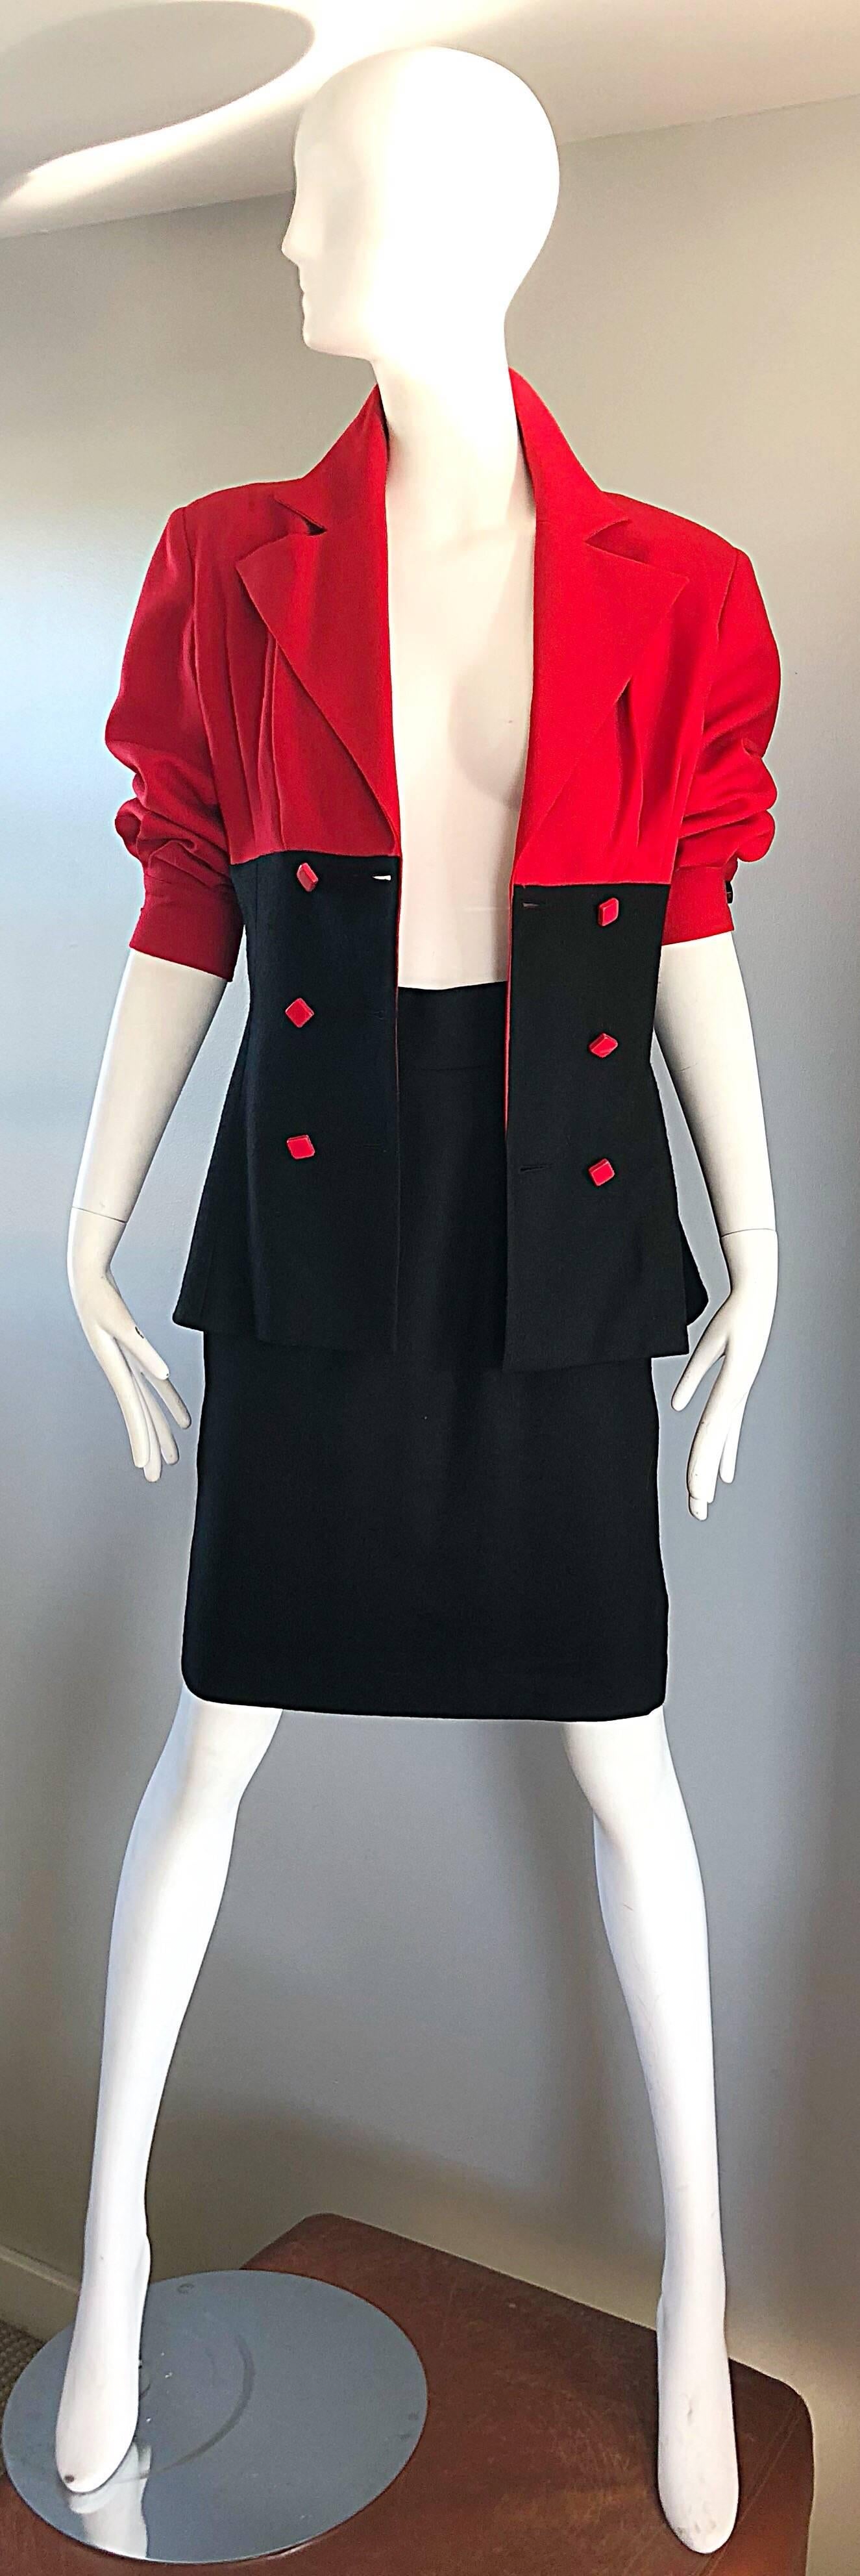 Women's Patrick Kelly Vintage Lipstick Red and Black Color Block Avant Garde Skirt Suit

---

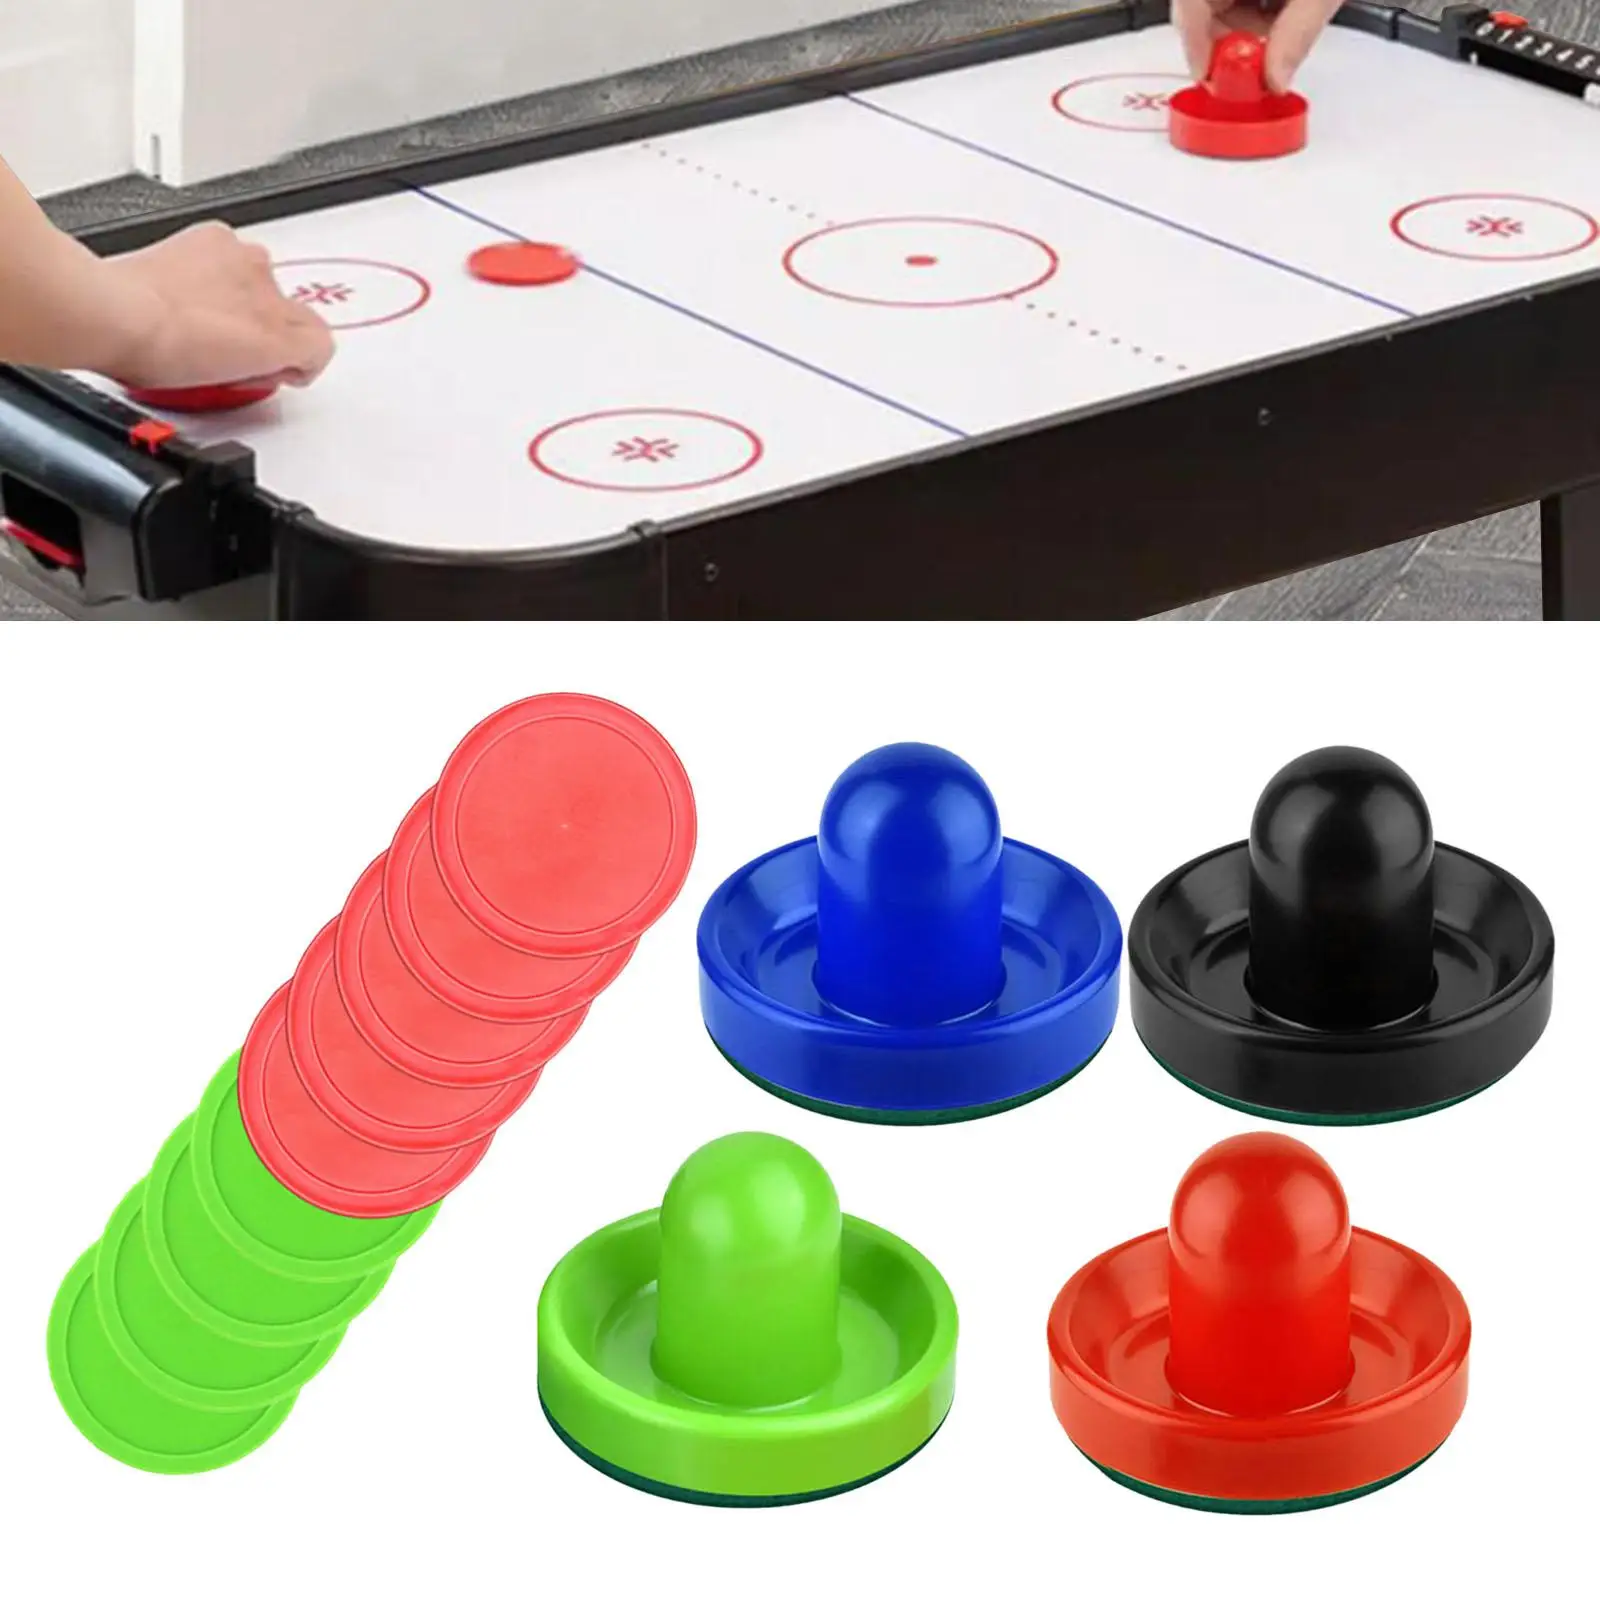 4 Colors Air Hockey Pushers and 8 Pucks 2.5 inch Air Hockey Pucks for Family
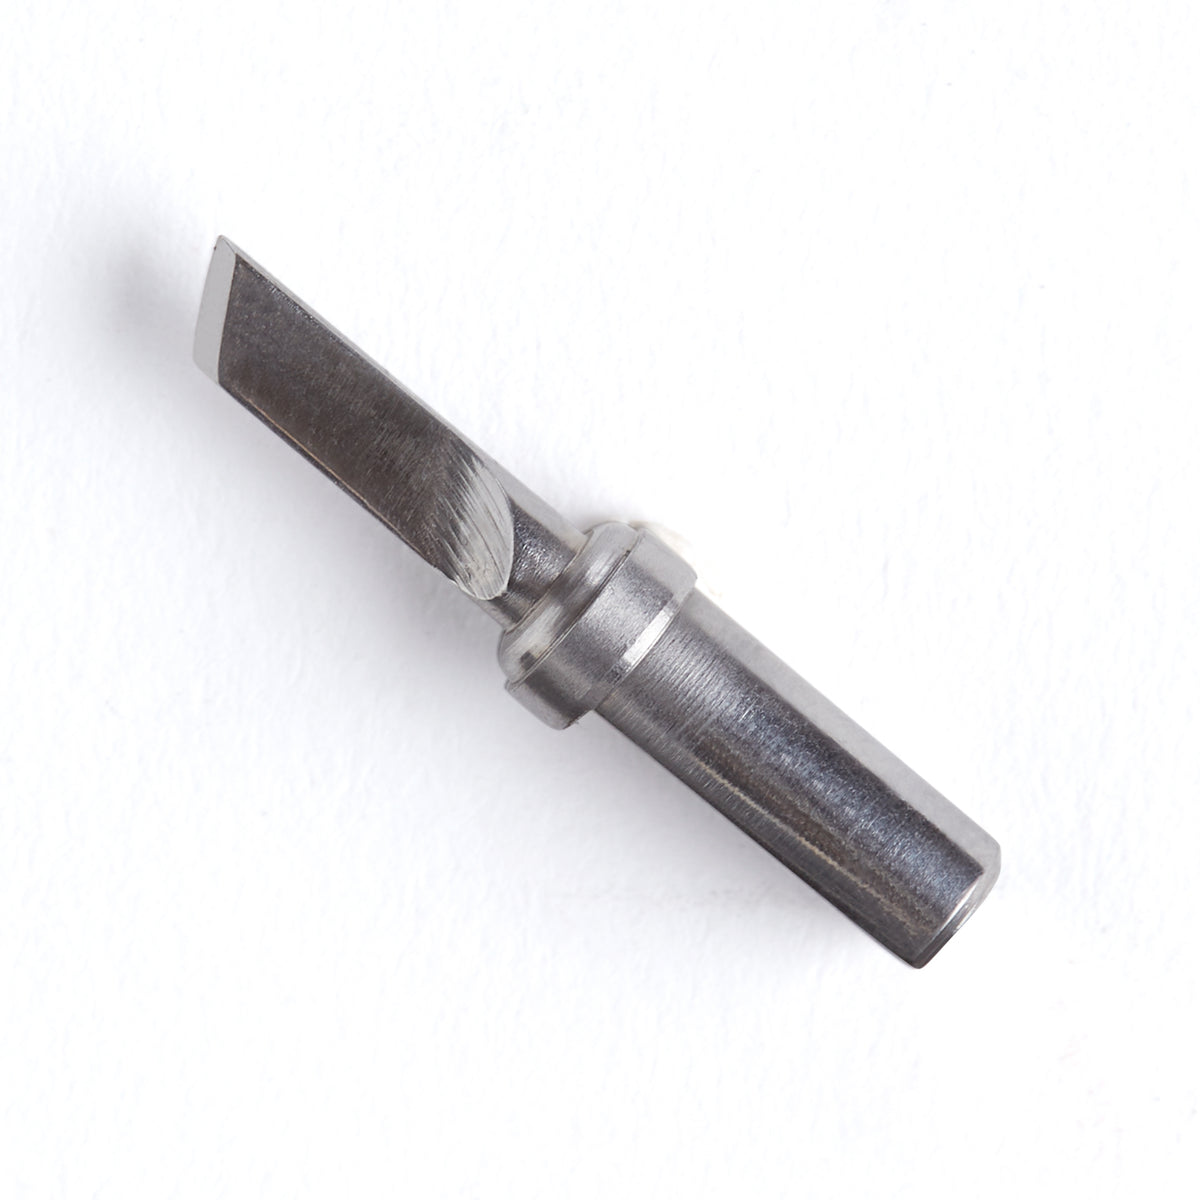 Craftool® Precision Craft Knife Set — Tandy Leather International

Task to complete: Above are the records; copy exactly the lines from the one with "4 Colors Air" through the one with "Craftool® Precision Craft", including both, and nothing more. Leave out pictures.

Solution to the problem:
 4 Colors Air Hockey Pushers and 8 Pucks 2.5 inch Air Hockey Pucks for Family
 Craftool® Precision Craft Knife Set — Tandy Leather International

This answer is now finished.